DATASET EXCERPTS section start
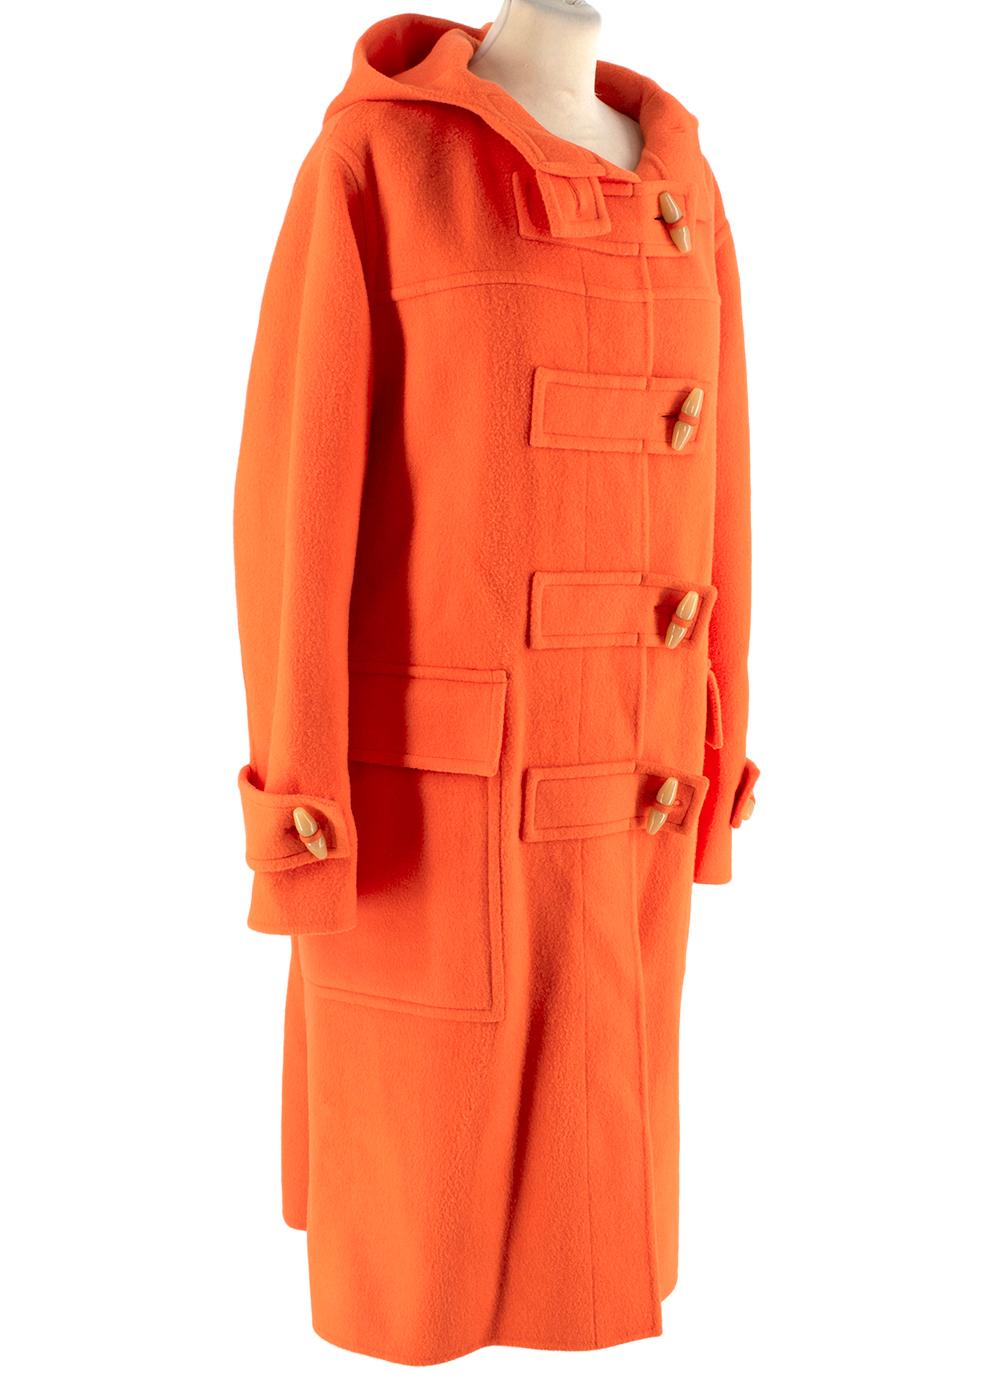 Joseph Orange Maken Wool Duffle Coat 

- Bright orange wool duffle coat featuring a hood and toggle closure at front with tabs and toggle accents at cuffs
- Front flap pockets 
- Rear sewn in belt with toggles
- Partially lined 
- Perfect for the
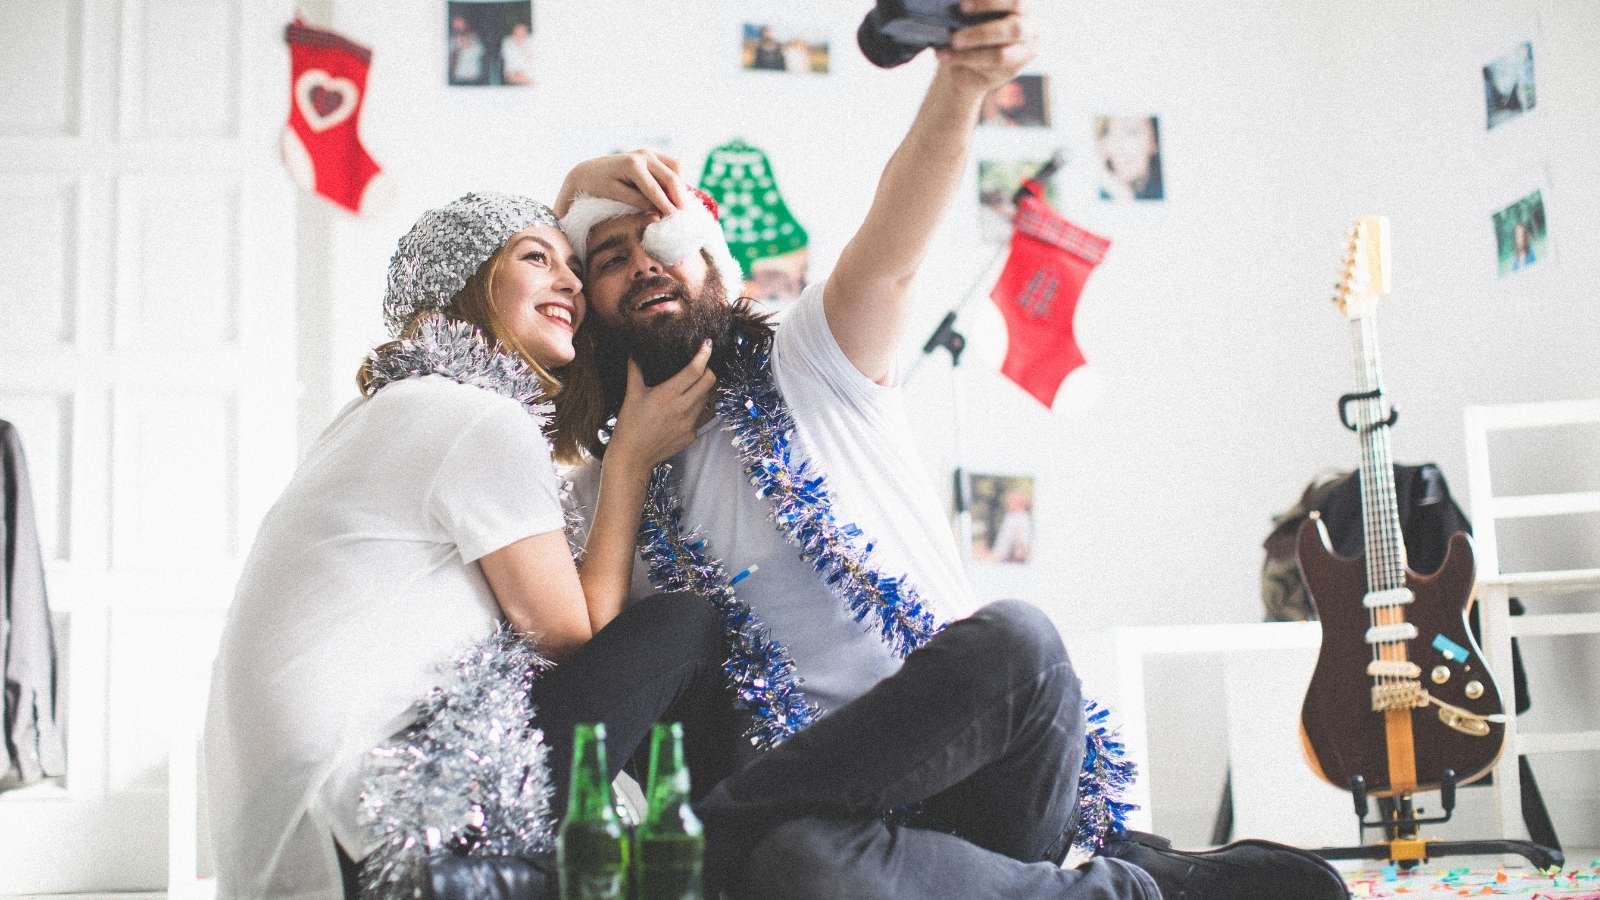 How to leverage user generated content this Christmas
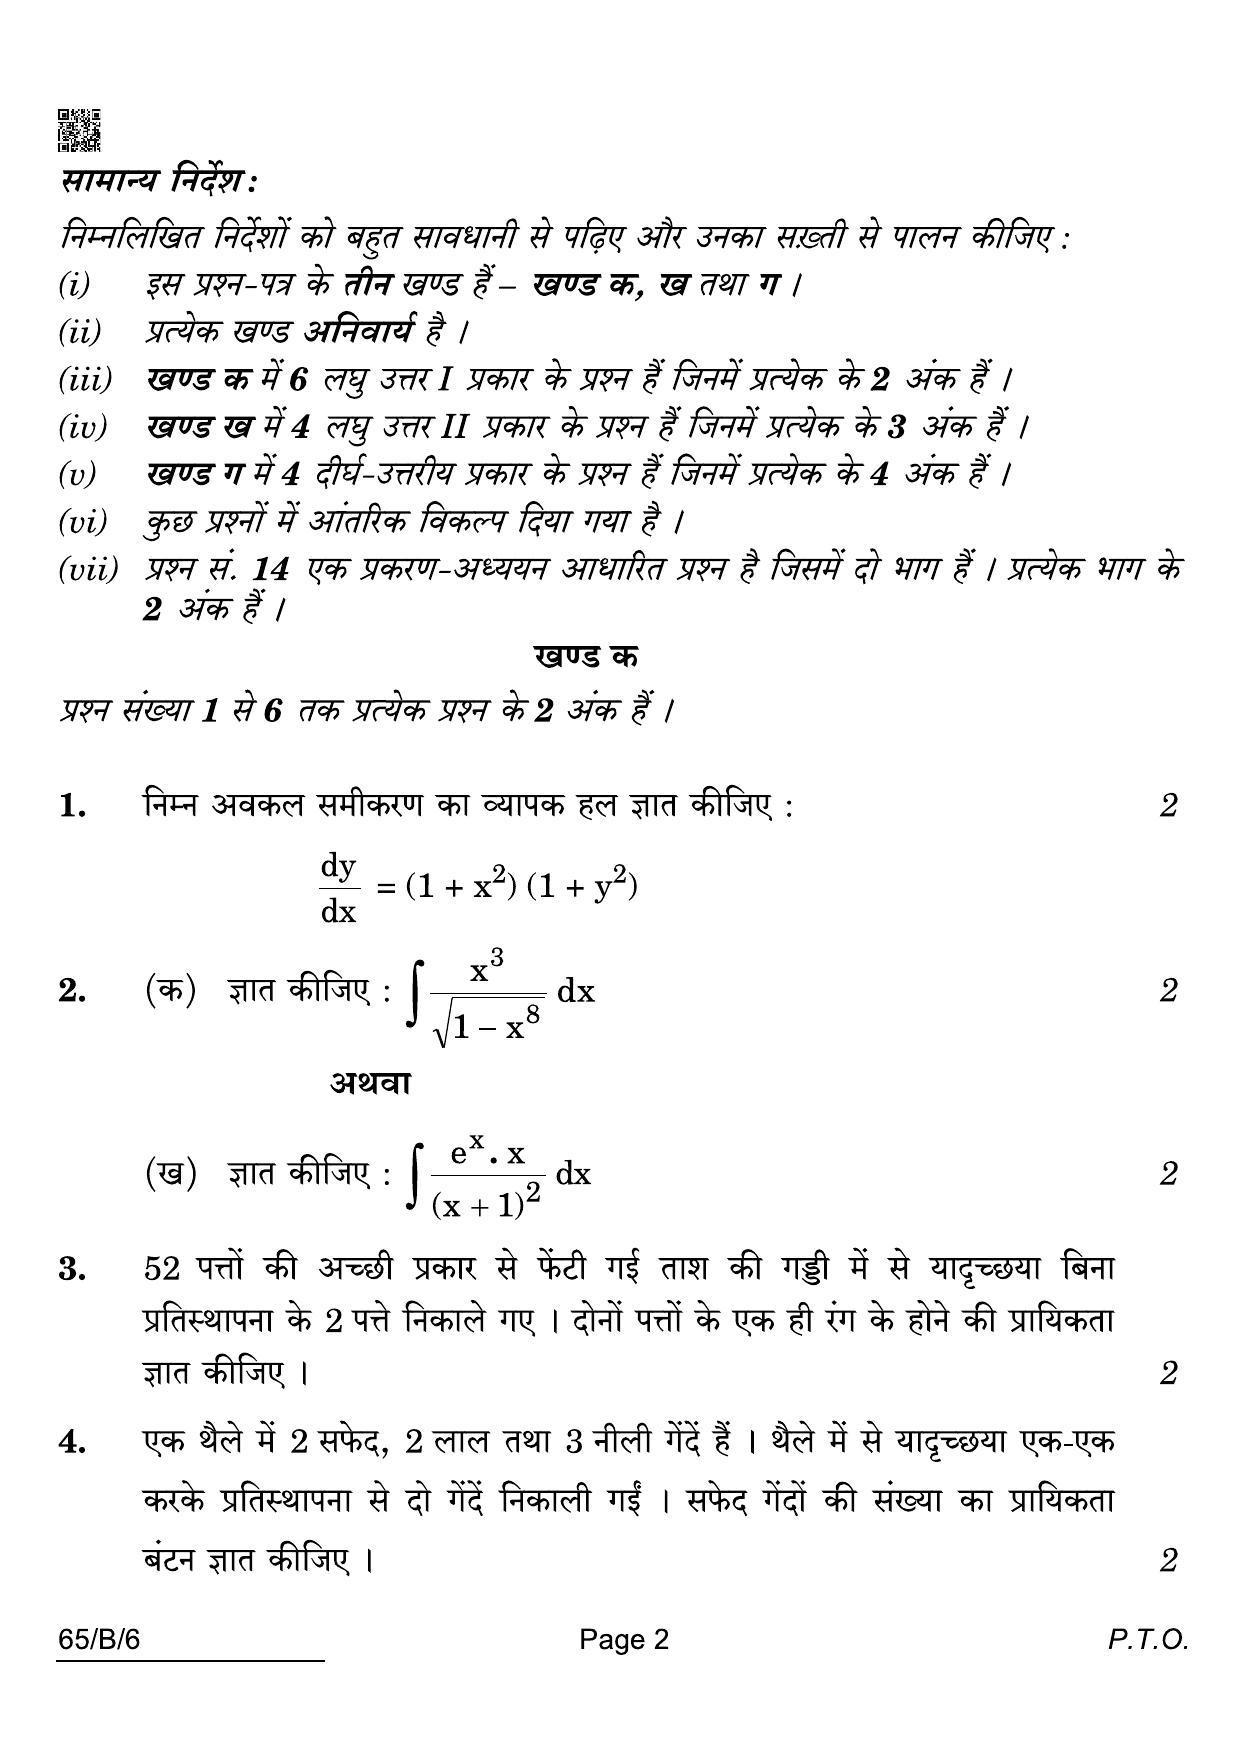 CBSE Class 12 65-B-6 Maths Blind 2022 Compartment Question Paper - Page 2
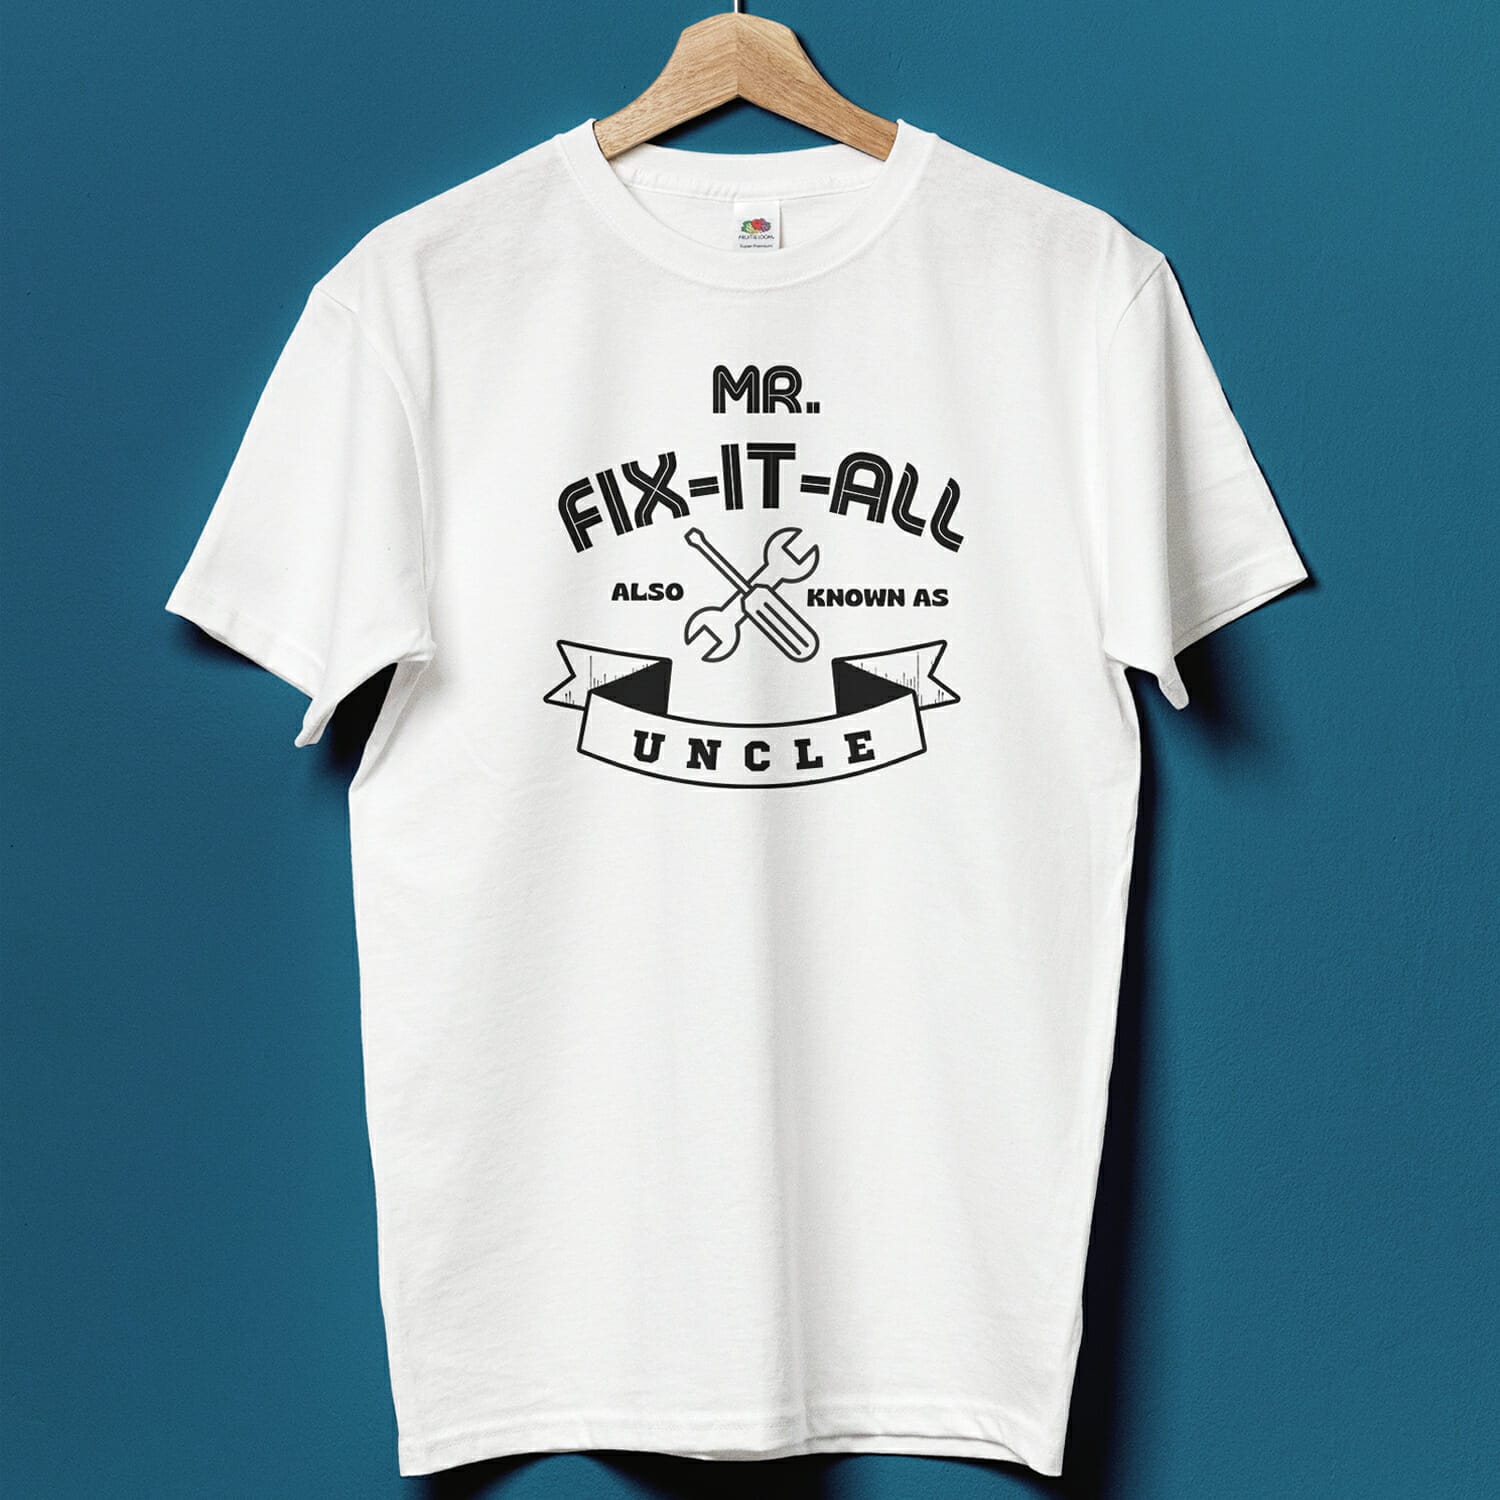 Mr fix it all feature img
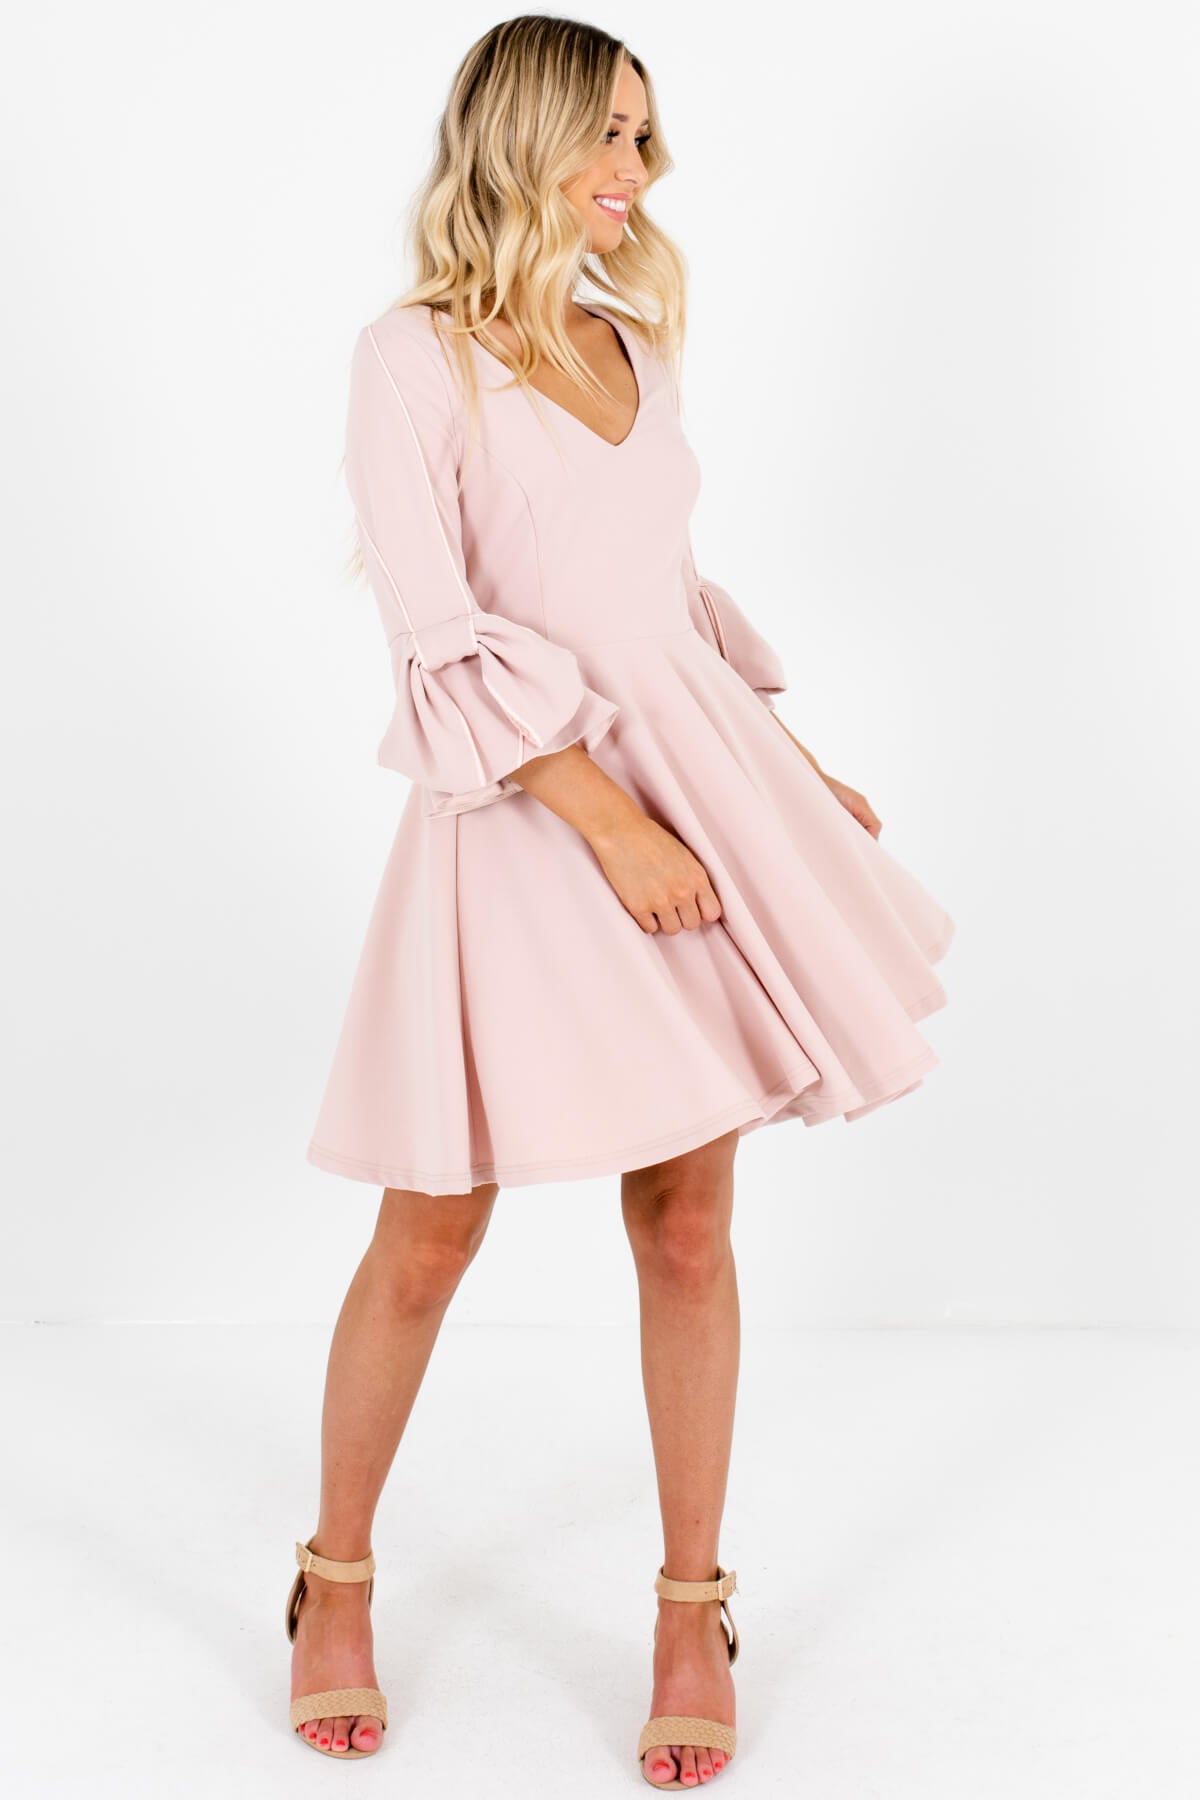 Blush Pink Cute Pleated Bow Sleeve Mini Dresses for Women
DATASET EXCERPTS section end
▶ PROBLEM DESCRIPTION: Return the listing above unchanged, apart from dropping its pictures.

▶ WRITTEN SOLUTION:
 Joseph Orange Maken Wool Duffle Coat 

- Bright orange wool duffle coat featuring a hood and toggle closure at front with tabs and toggle accents at cuffs
- Front flap pockets 
- Rear sewn in belt with toggles
- Partially lined 
- Perfect for the
 How to leverage user generated content this Christmas
 CBSE Class 12 65-B-6 Maths Blind 2022 Compartment Question Paper - Page 2
 Mr fix it all feature img
 Blush Pink Cute Pleated Bow Sleeve Mini Dresses for Women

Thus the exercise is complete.